The point here is that the FileInputStream object is not wrapped in the InputStreamReader class or the BufferedReader class. Decoding and buffering character codes is more efficient than JDK’s processing inside Jackson, let alone loading the contents of the file as a string before passing it to ObjectMapper is foolish.

 (ii) In the case of serialization, output objects should be handled in the following order, and so on.

1. OutputStream
2. Writer
3. String

Again, it is said that it is not good to receive the serialization result as a string. However, even if you record serialized results in a log file via an interface such as SLF 4J … In what case, I think that there is no other choice but to stringify.


4. Change from default settings only if you really need it

Jackson has a large selection of options that can be turned ON / OFF, but the default options are set so that the speed performance will be sufficient in the initial state. Especially, it is necessary to explicitly enable the option which decreases the speed performance.

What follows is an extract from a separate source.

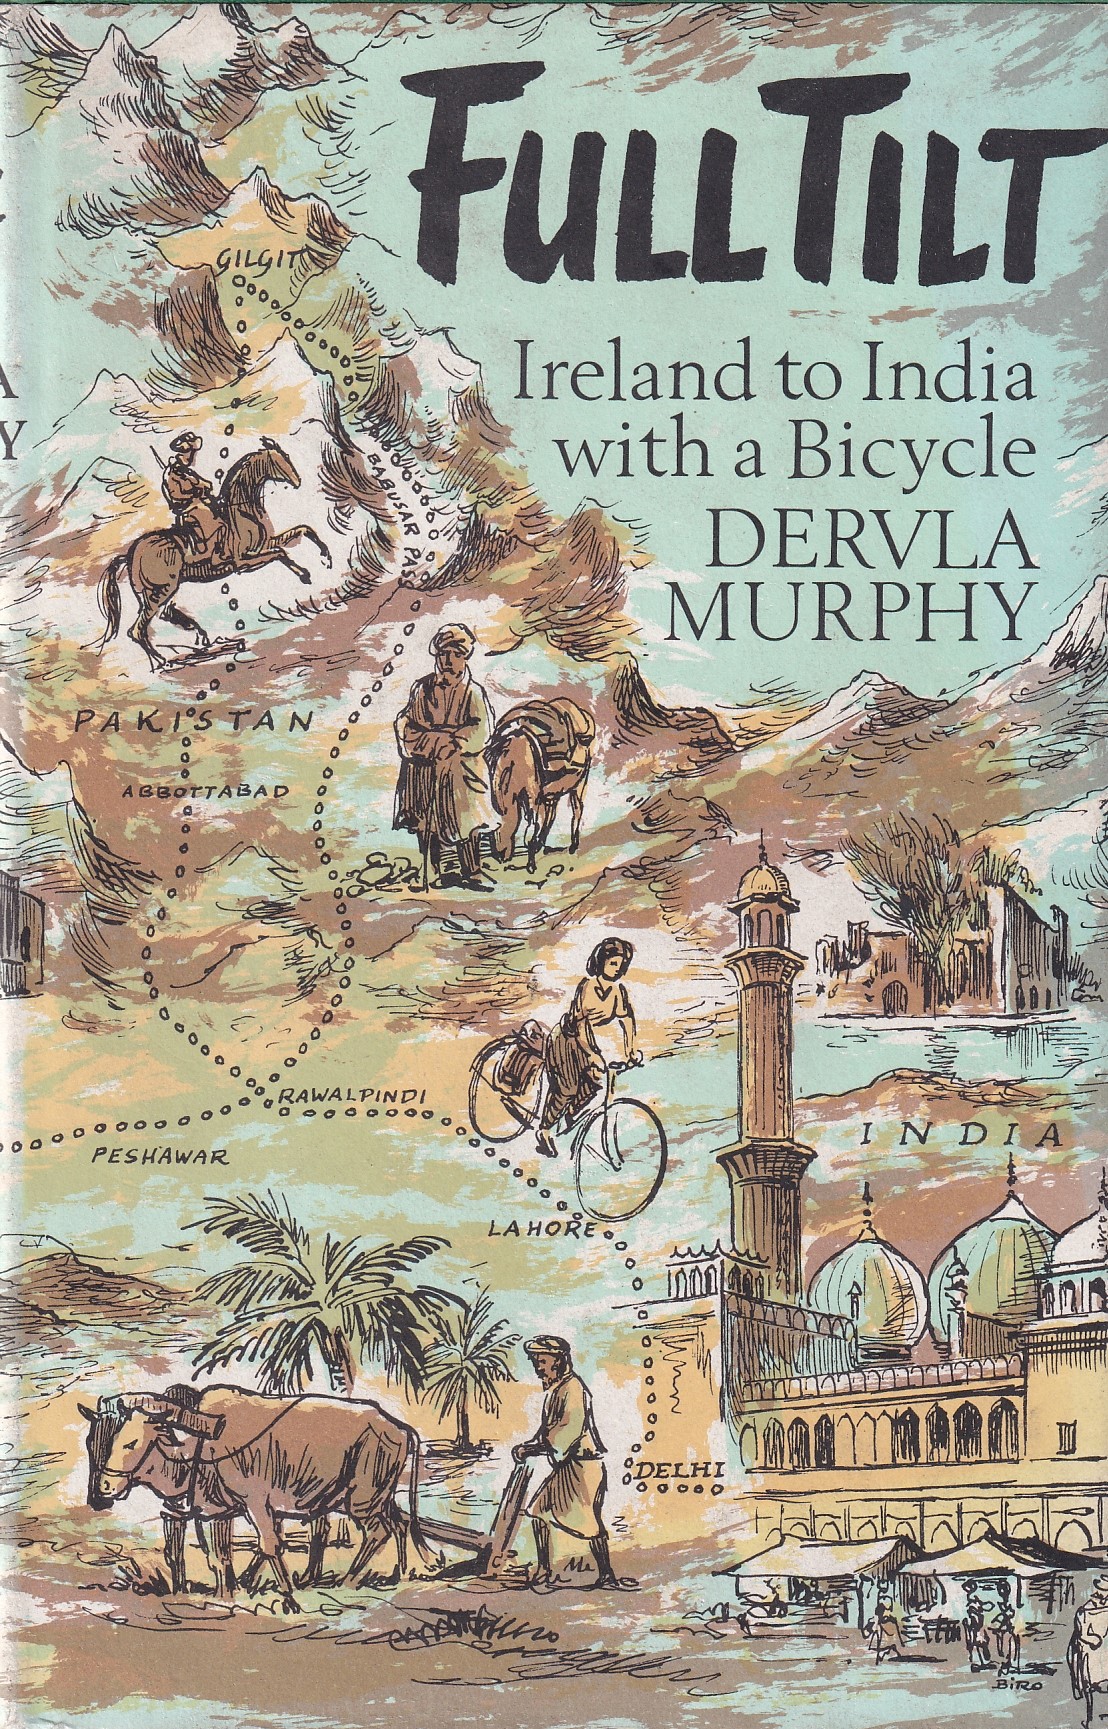 Full Tilt – Ireland to India with a Bicycle | Murphy, Dervla | Charlie Byrne's

5. Even when processing the same JSON many times, let’s stop the parsing of JSON only once

Consider a situation where you want to process that JSON step by step for one JSON. For example, suppose that the structure of a JSON consists of two sections: a section defining the formatting of data and a section of data itself.

In this case, a two-step processing configuration is adopted in which only the section in which the format is defined is processed first, then the data is deserialized with reference to the format information, but the same JSON is dealt with in each step It is useless to serialize or serialize only the remaining part after processing in the previous stage to JSON like intermediate data.

Jackson not only maps JSON to POJO, it also has a function to express JSON as intermediate data. Especially when you can process JSON components streamwise it is better to use the TokenBuffer class. On the other hand, if you want to manipulate JSON tree structure, you should use JsonNode class. Although the use of JsonNode class seems to be somewhat inferior to the TokenBuffer class in terms of speed performance, it still has better performance than deserializing the same JSON twice three times.


6. Use ObjectReader # readValues ​​() to read successive same POJOs

It is more efficient than calling the ObjectReader # readValue () method multiple times.


7. Let’s use ObjectReader / ObjectWriter rather than ObjectMapper

Both ObjectReader and ObjectWriter are thread-safe and are a bit more efficient than using ObjectMapper thanks to avoiding the search process as ObjectMapper handles internally.